Já a CSN Mineração ficará fora do pacote de desinvestimentos. De acordo com a companhia, o ativo mantém alta performance operacional e é considerado a principal avenida de crescimento do grupo, sustentando a geração de caixa e a expansão futura.

Benjamin Steinbruch afirmou que a decisão marca o momento mais relevante da empresa para resolver de forma estrutural o problema da alavancagem. “Não temos empresas ruins, mas estamos vivendo um momento da economia com juros estratosféricos e competição de produtos importados, o que compromete o crescimento e os investimentos”, disse.

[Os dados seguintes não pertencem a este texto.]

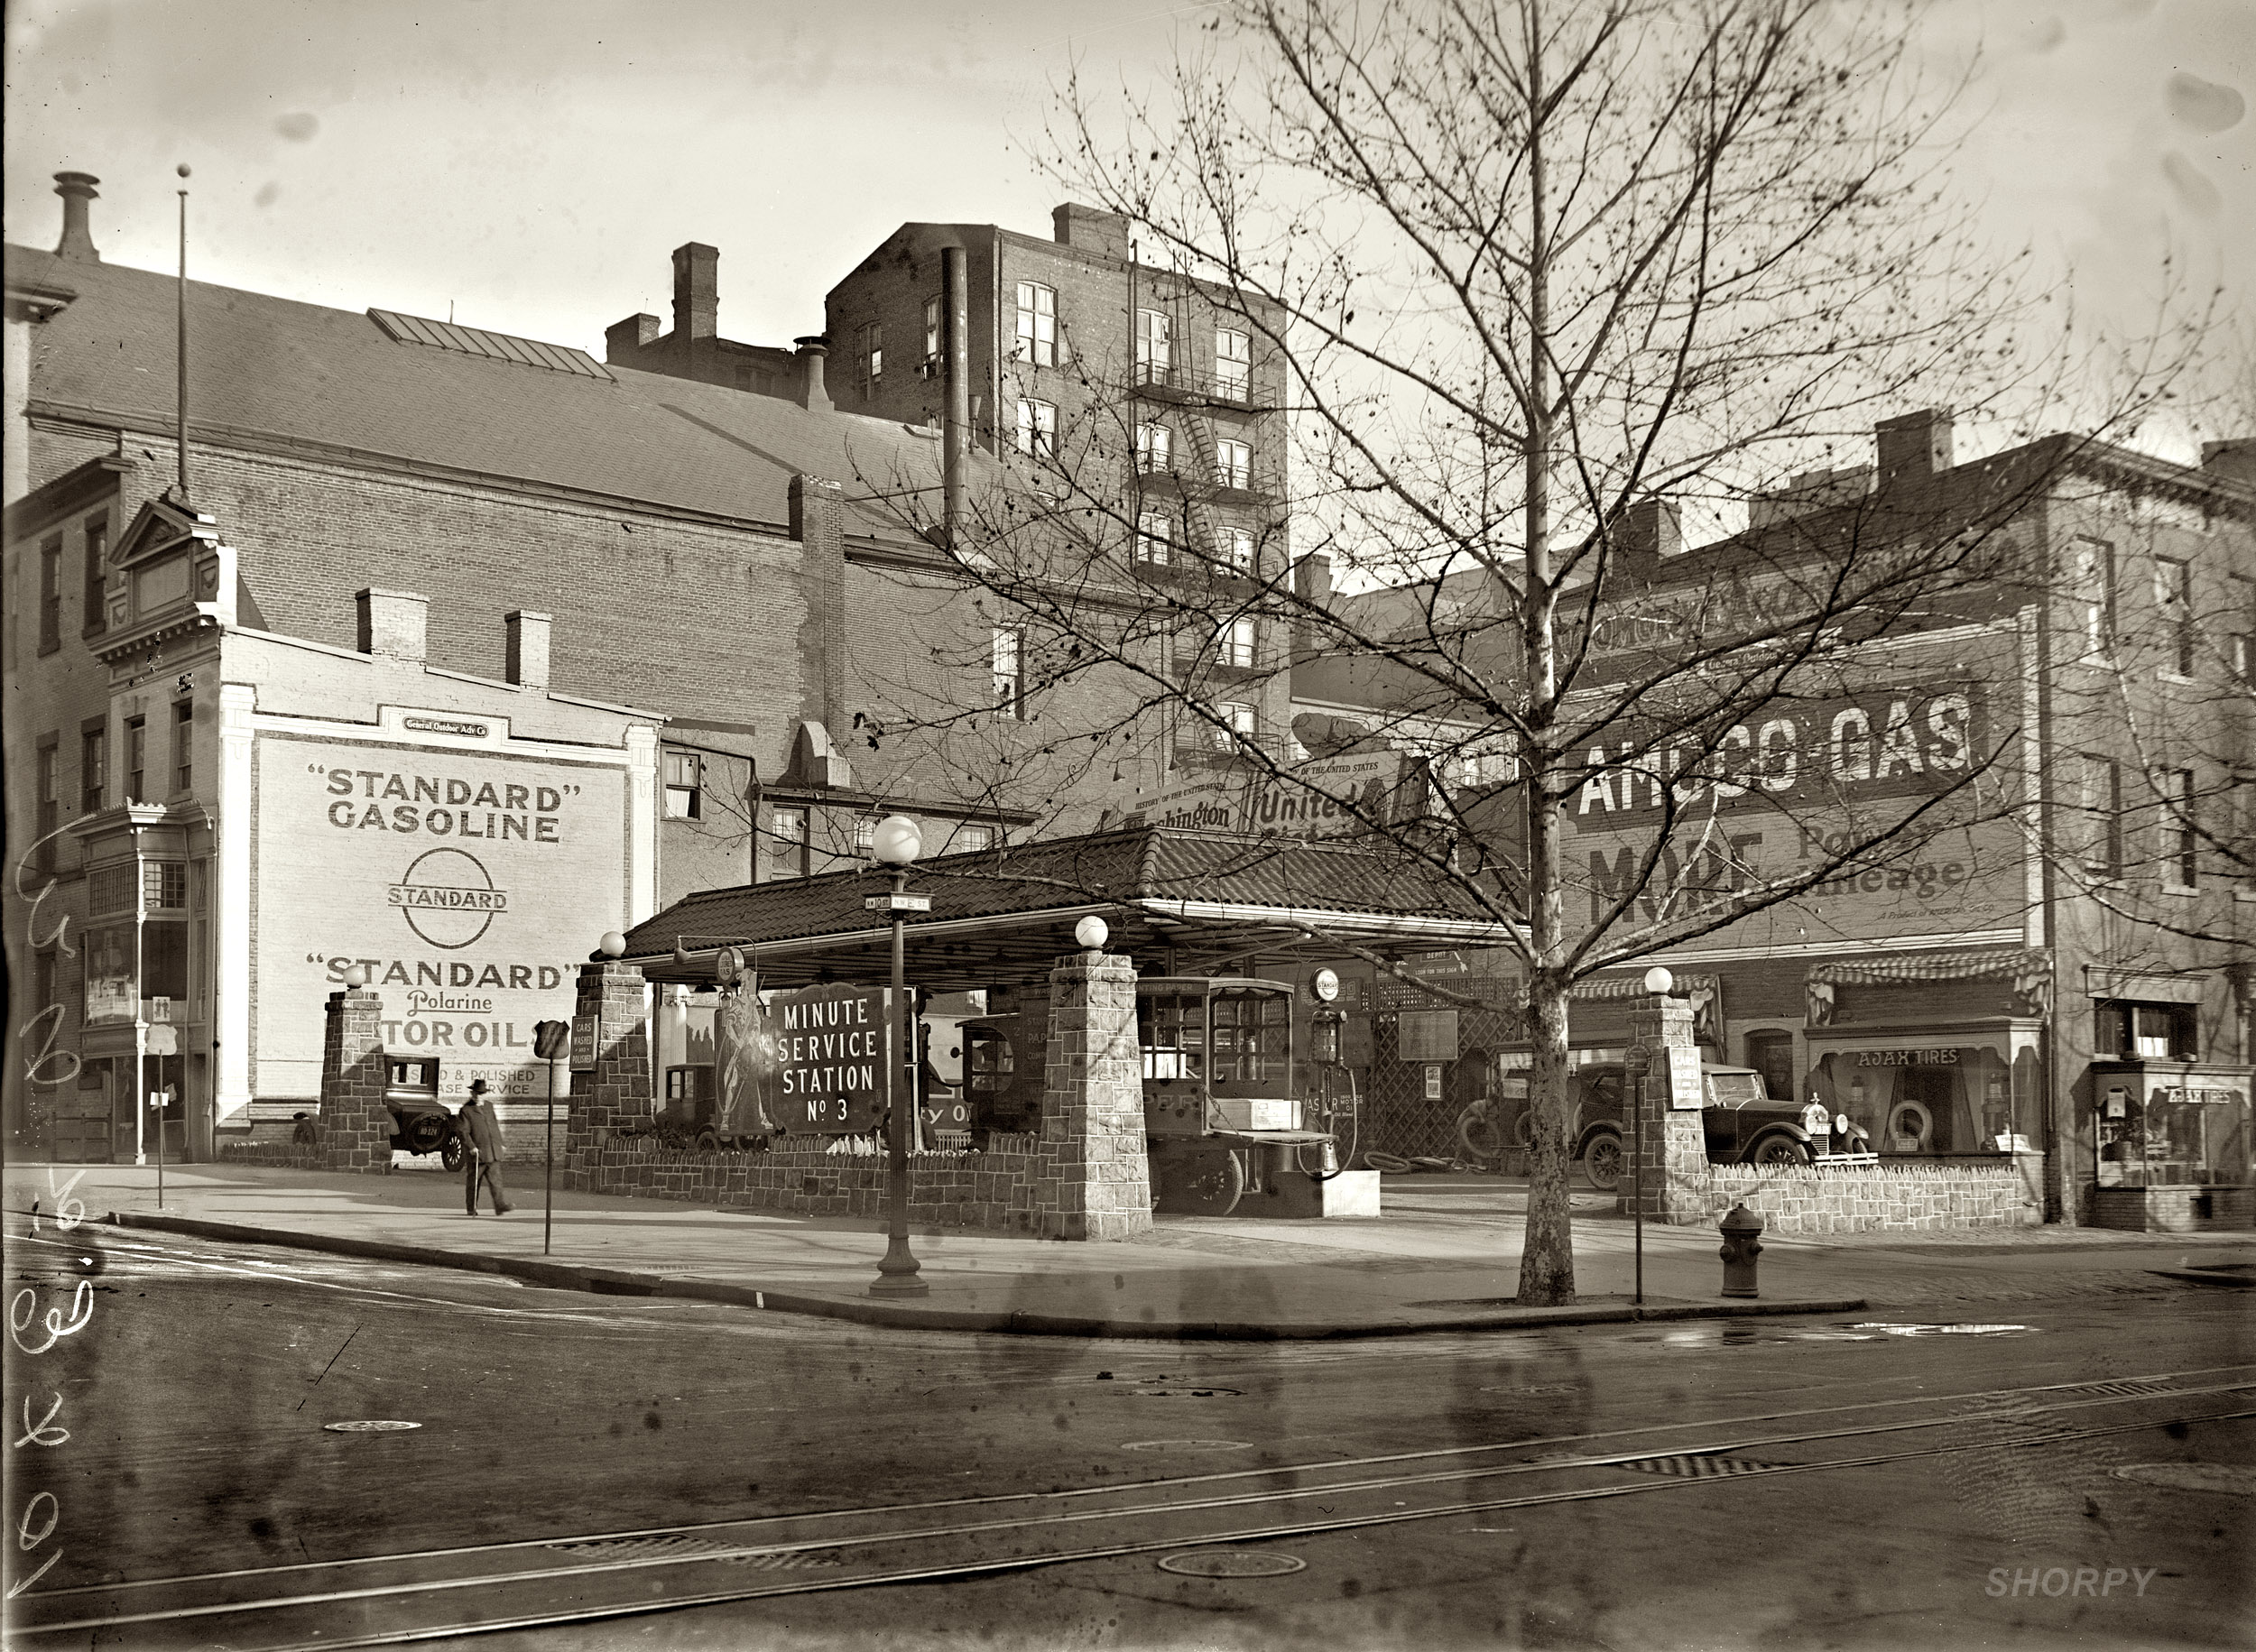 1925. "Minute Service Station No. 3, 10th and E Streets N.W." A Standard Oil gas station in Washington, D.C. National Photo Co. glass negative. View full size.

Segundo o executivo, apesar da expectativa de melhora dos preços e de redução dos custos de produção (especialmente no minério de ferro), a CSN optou por antecipar decisões mais duras para fortalecer o balanço. “Todos os nossos ativos estarão melhores em 2026 pelo trabalho feito em 2024 e 2025. Ainda assim, decidimos tomar essas medidas para desalavancar em torno de R$ 18 bilhões”, afirmou Steinbruch.

Com o plano, a CSN busca reduzir o peso dos custos financeiros, ganhar flexibilidade para manter investimentos estratégicos e avançar na meta de atingir uma alavancagem sustentável nos próximos anos.